University of Arkansas Community College at Morrilton (UACCM)
- Former names: Petit Jean Vocational Technical School, Petit Jean Technical College, Petit Jean College
- Type: Public community college
- Established: 1961
- Parent institution: University of Arkansas System
- Chancellor: Lisa Willenberg
- Undergraduates: 2,225
- Location: Morrilton, Arkansas, United States 35°10′20″N 92°43′46″W﻿ / ﻿35.17221°N 92.72950°W
- Campus: Town;
- Colors: Red and black
- Mascot: Timberwolves
- Website: www.uaccm.edu

= University of Arkansas Community College at Morrilton =

Public college in Morrilton, Arkansas, US

The University of Arkansas Community College at Morrilton (UACCM) is public community college in Morrilton, Arkansas. It is accredited by the Higher Learning Commission.

==History==

The 1961 Arkansas General Assembly established Petit Jean Vo-Tech as the state's second adult vocational-technical school. The first building was completed in July 1963 and classes began in September. The school initially awarded diplomas in occupational-specific areas.

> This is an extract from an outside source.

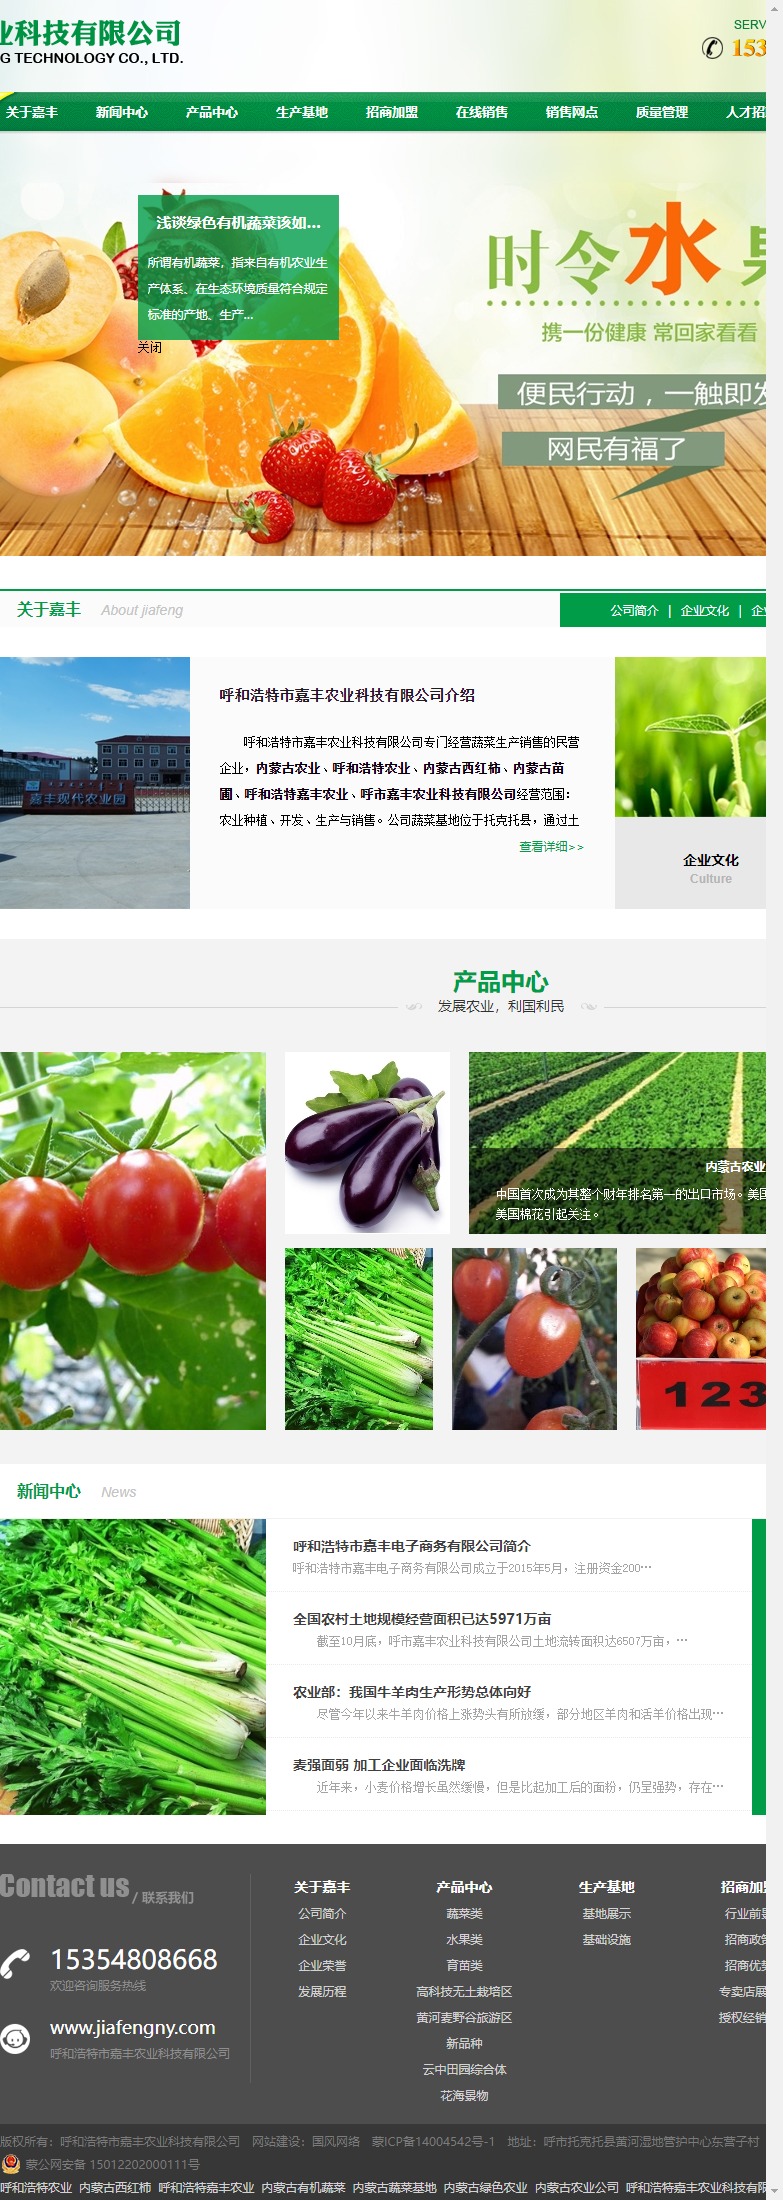 呼和浩特市嘉丰农业科技有限公司网站案例
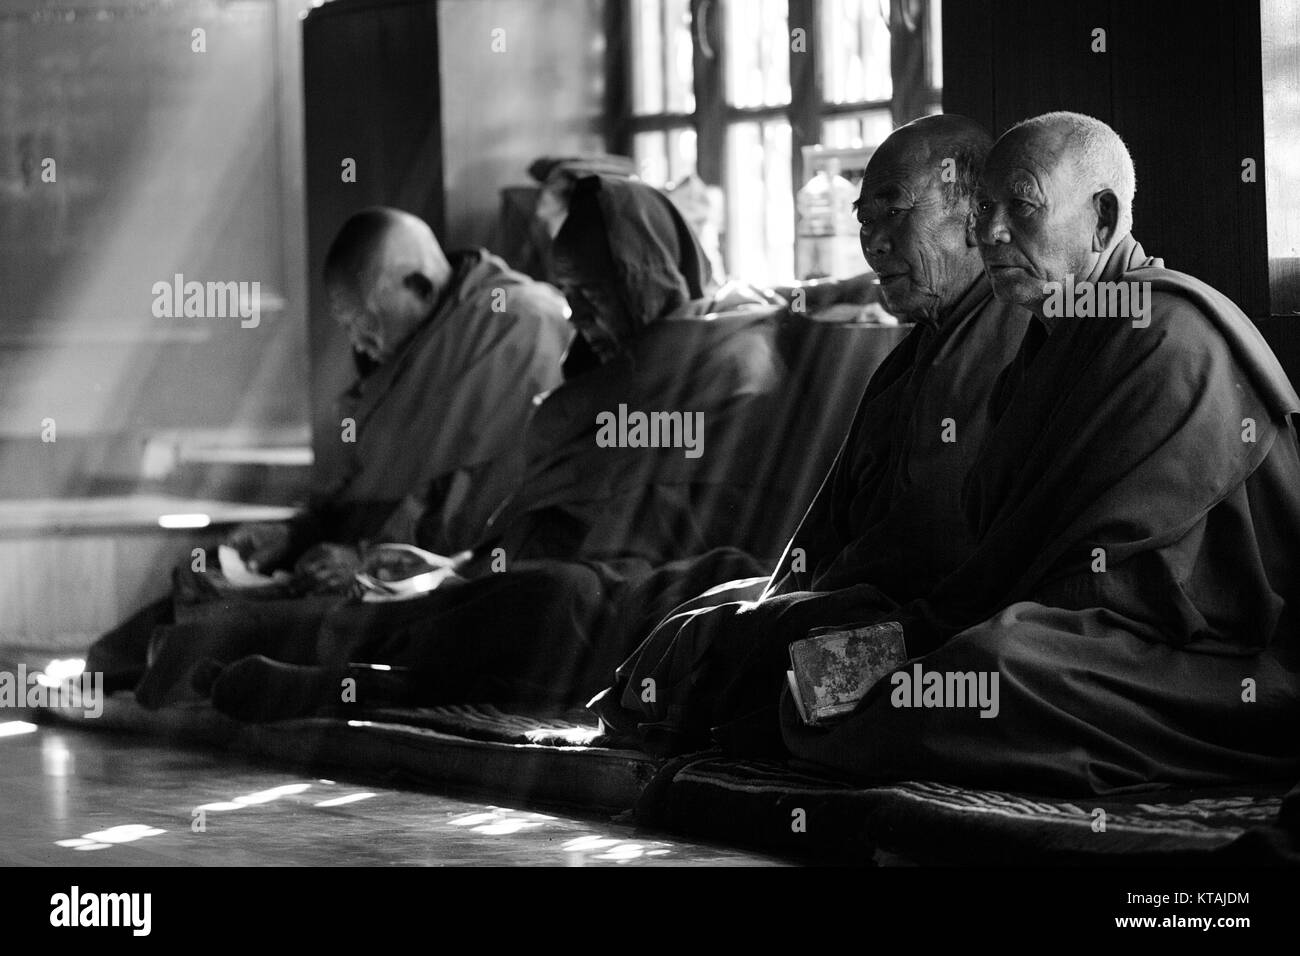 Les moines bouddhistes, assis à la fenêtre et priant jour de festival, le monastère de Diskit, La Vallée de Nubra, Ladakh, le Jammu-et-Cachemire, en Inde. Le noir et blanc Banque D'Images

In 1991, the General Assembly converted Petit Jean Vo-Tech to a degree granting two-year college, Petit Jean Technical College. The conversion permitted expansion of the curriculum to include technical, academic & workforce education; community education; and adult education. In 1997, the College again made a name change to Petit Jean College. Finally, in 2001, Petit Jean College merged with the University of Arkansas System and became the University of Arkansas Community College at Morrilton.

In 2018, the College opened the Workforce Training Center that expanded facilities for technical education, non-credit workforce training, and community education.

UACCM currently consists of 92 acre with 14 educational buildings and various support facilities.

==Campus==
UACCM is located along Interstate 40 approximately 50 mi west of Little Rock in the town of Morrilton in Conway County, Arkansas.

==Students==

In the fall 2017 semester, UACCM served 1,925 total credit students. Of those students, 62 percent were considered full-time (enrolling in 12 or more credit hours per semester), and 38 percent were considered part-time. The student body was made of 38 percent male and 62 percent female. Seventy percent of the students body is age 24 and below.

Since UACCM's last year as a vocational technical school in 1990, overall enrollment has grown over 500 percent, with the student population doubling in size since merging with the University of Arkansas System in 2001.